Logically you are just trying to add the entire input into one item of the list
So the first line should read something like:
names = input('Enter list of names:').upper().split()
This will split the inputted string by spaces into a list of separate strings.
I am creating a code that allows the user to input a .txt file of their choice. So, for example, if the text read:
"I am you. You ArE I."
I would like my code to create a dictionary that resembles this:
{I: 2, am: 1, you: 2, are: 1}
Having the words in the file appear as the key, and the number of times as the value. Capitalization should be irrelevant, so are = ARE = ArE = arE = etc...
This is my code so far. Any suggestions/help?
>> file = input("\n Please select a file")
>> name = open(file, 'r')
>> dictionary = {}
>> with name:
>> for line in name:
>> (key, val) = line.split()
>> dictionary[int(key)] = val
Take a look at the examples in this answer:
Python : List of dict, if exists increment a dict value, if not append a new dict
You can use collections.Counter() to trivially do what you want, but if for some reason you can't use that, you can use a defaultdict or even a simple loop to build the dictionary you want.
Here is code that solves your problem. This will work in Python 3.1 and newer.

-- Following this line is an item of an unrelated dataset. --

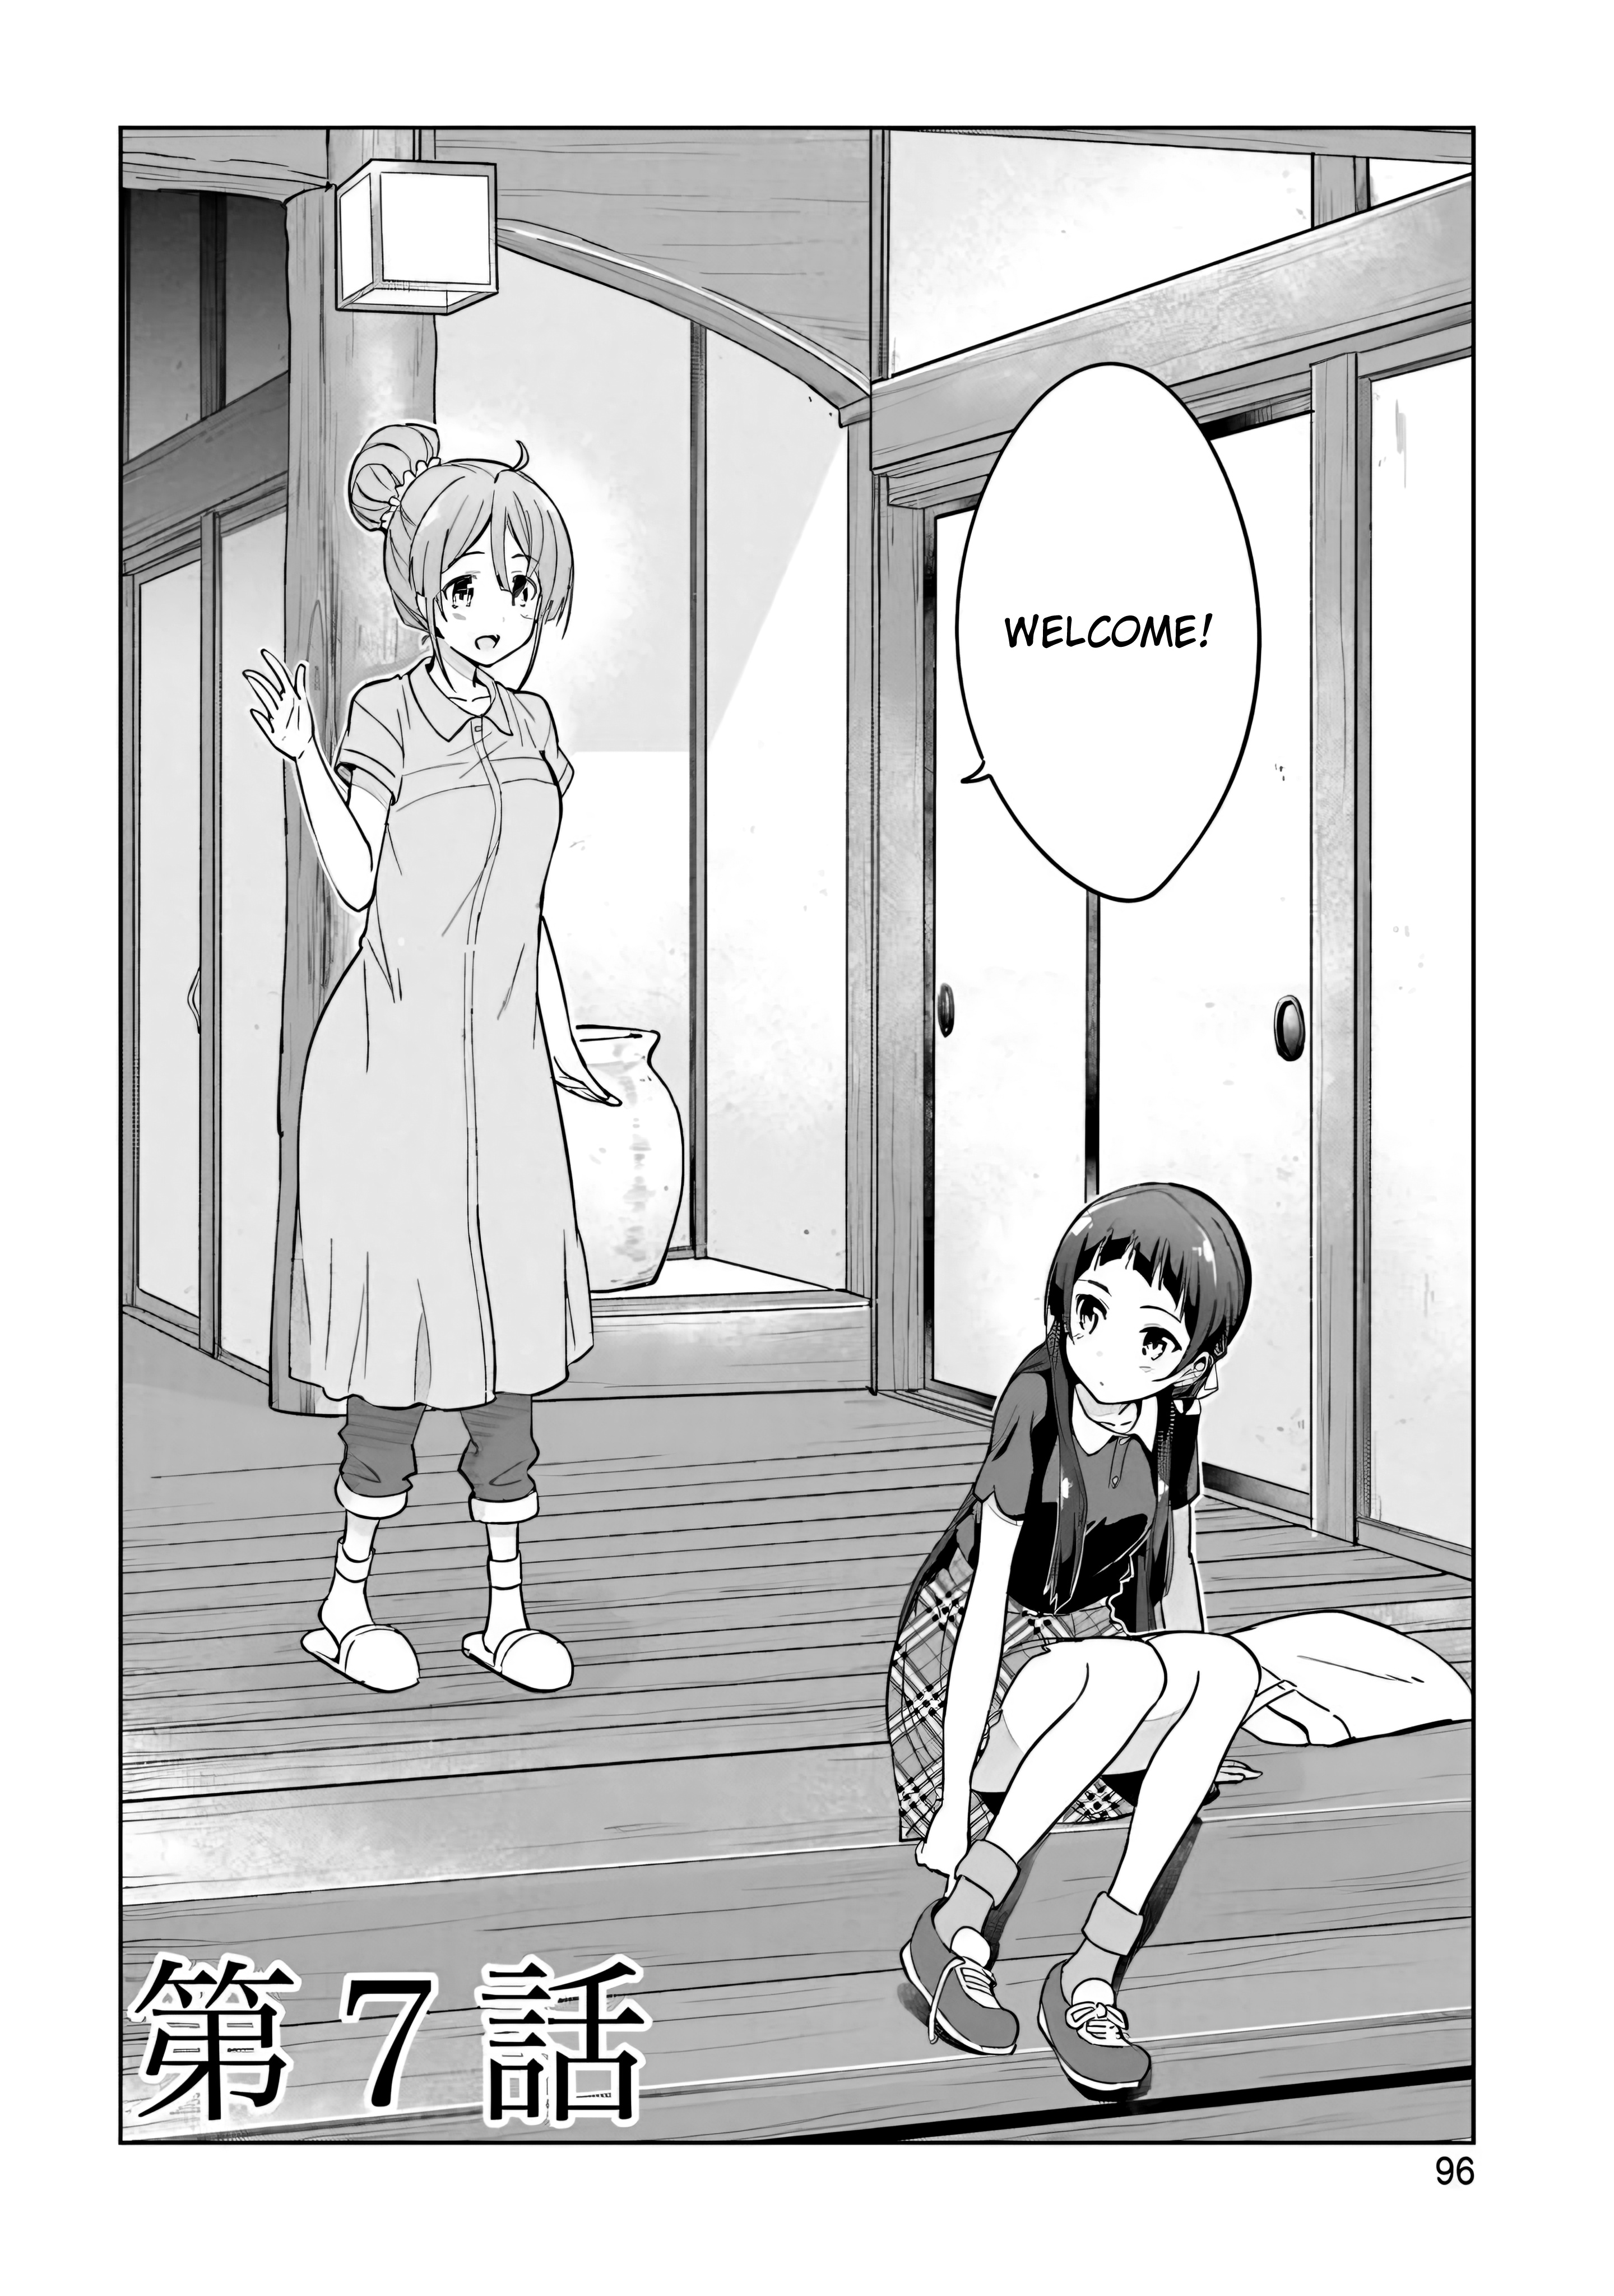 Sakura Quest Side Story: Ririko Oribe's Daily Report Vol 1 Chapter 7 #2
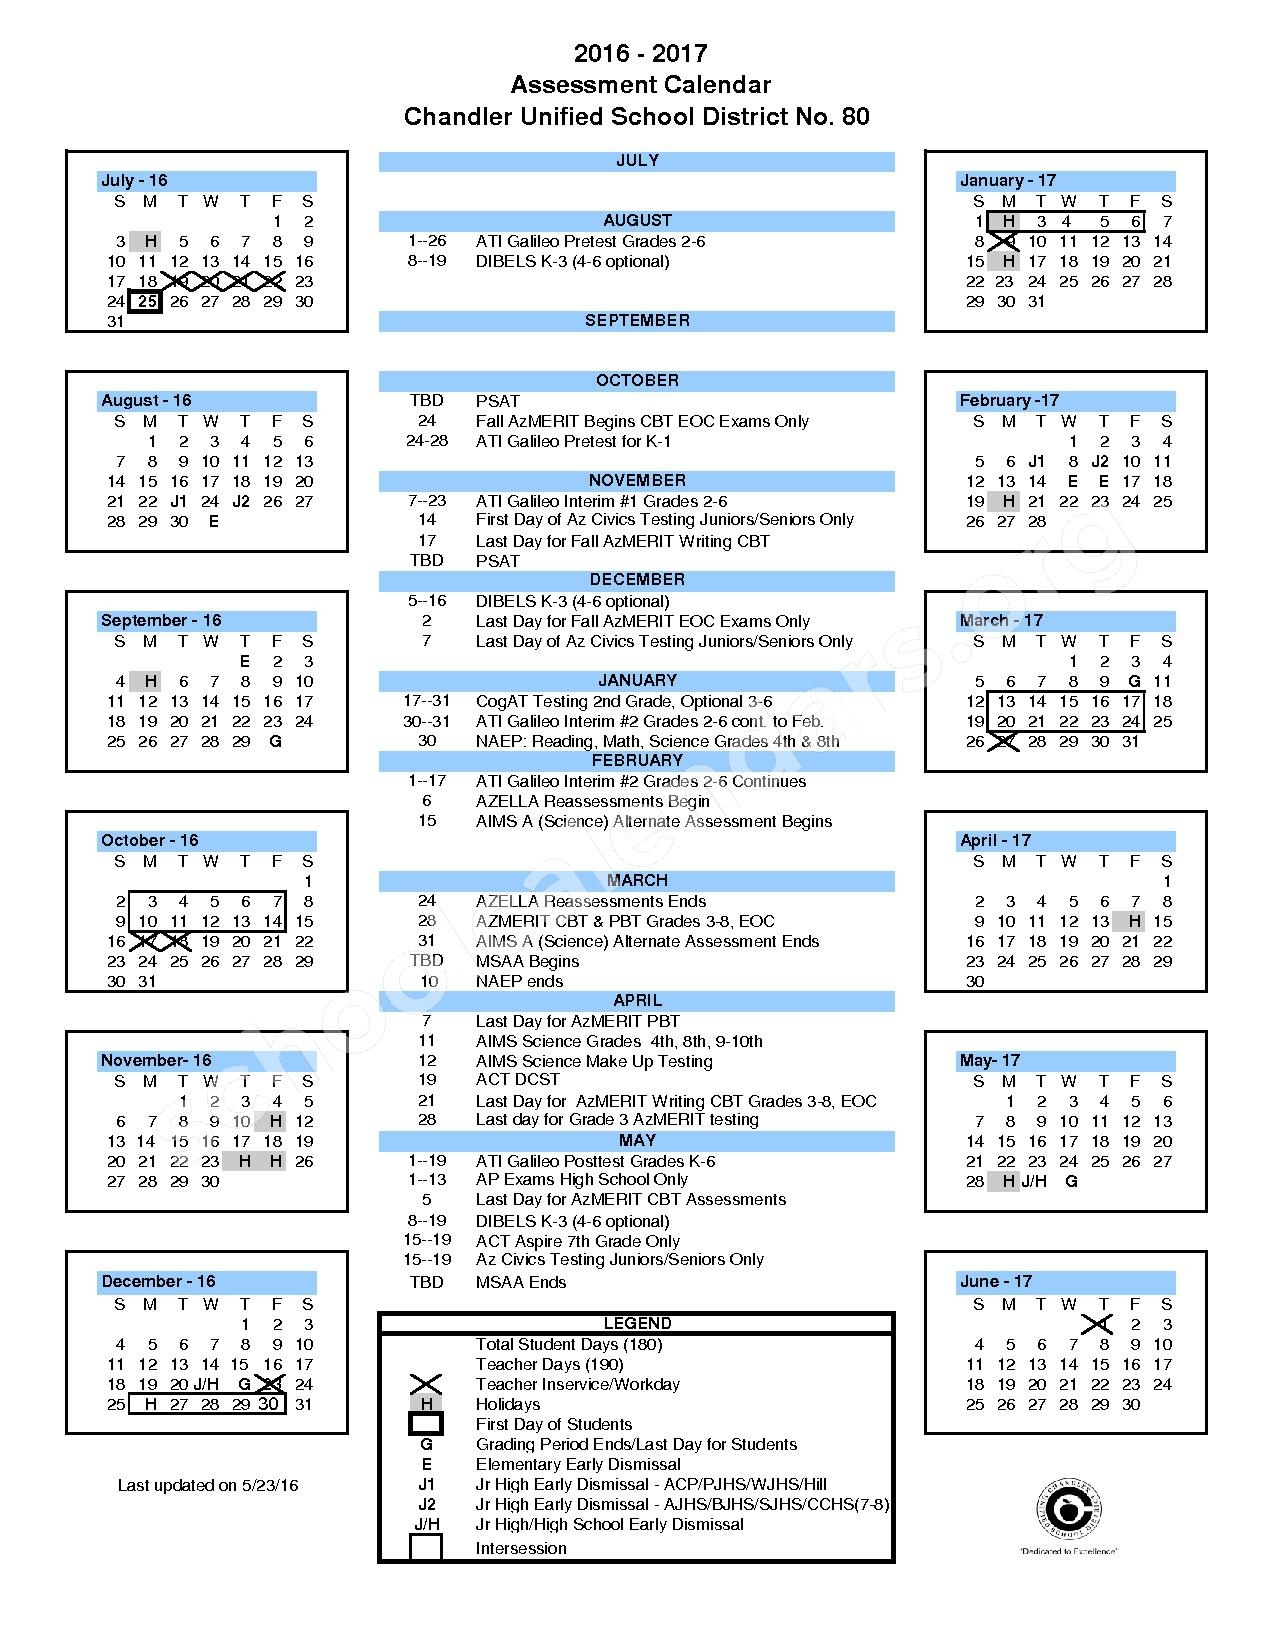 Chandler Unified School District Calendar Qualads

from collections import Counter
import string
def filter_punctuation(s):
return ''.join(ch if ch not in string.punctuation else ' ' for ch in s)
def lower_case_words(f):
for line in f:
line = filter_punctuation(line)
for word in line.split():
yield word.lower()
def count_key(tup):
"""
key function to make a count dictionary sort into descending order
by count, then case-insensitive word order when counts are the same.
tup must be a tuple in the form: (word, count)
"""
word, count = tup
return (-count, word.lower())
dictionary = {}
fname = input("\nPlease enter a file name: ")
with open(fname, "rt") as f:
dictionary = Counter(lower_case_words(f))
print(sorted(dictionary.items(), key=count_key))
From your example I could see that you wanted punctuation stripped away. Since we are going to split the string on white space, I wrote a function that filters punctuation to white space. That way, if you have a string like hello,world this will be split into the words hello and world when we split on white space.
The function lower_case_words() is a generator, and it reads an input file one line at a time and then yields up one word at a time from each line. This neatly puts our input processing into a tidy "black box" and later we can simply call Counter(lower_case_words(f)) and it does the right thing for us.
Of course you don't have to print the dictionary sorted, but I think it looks better this way. I made the sort order put the highest counts first, and where counts are equal, put the words in alphabetical order.
With your suggested input, this is the resulting output:
[('i', 2), ('you', 2), ('am', 1), ('are', 1)]
Because of the sorting it always prints in the above order.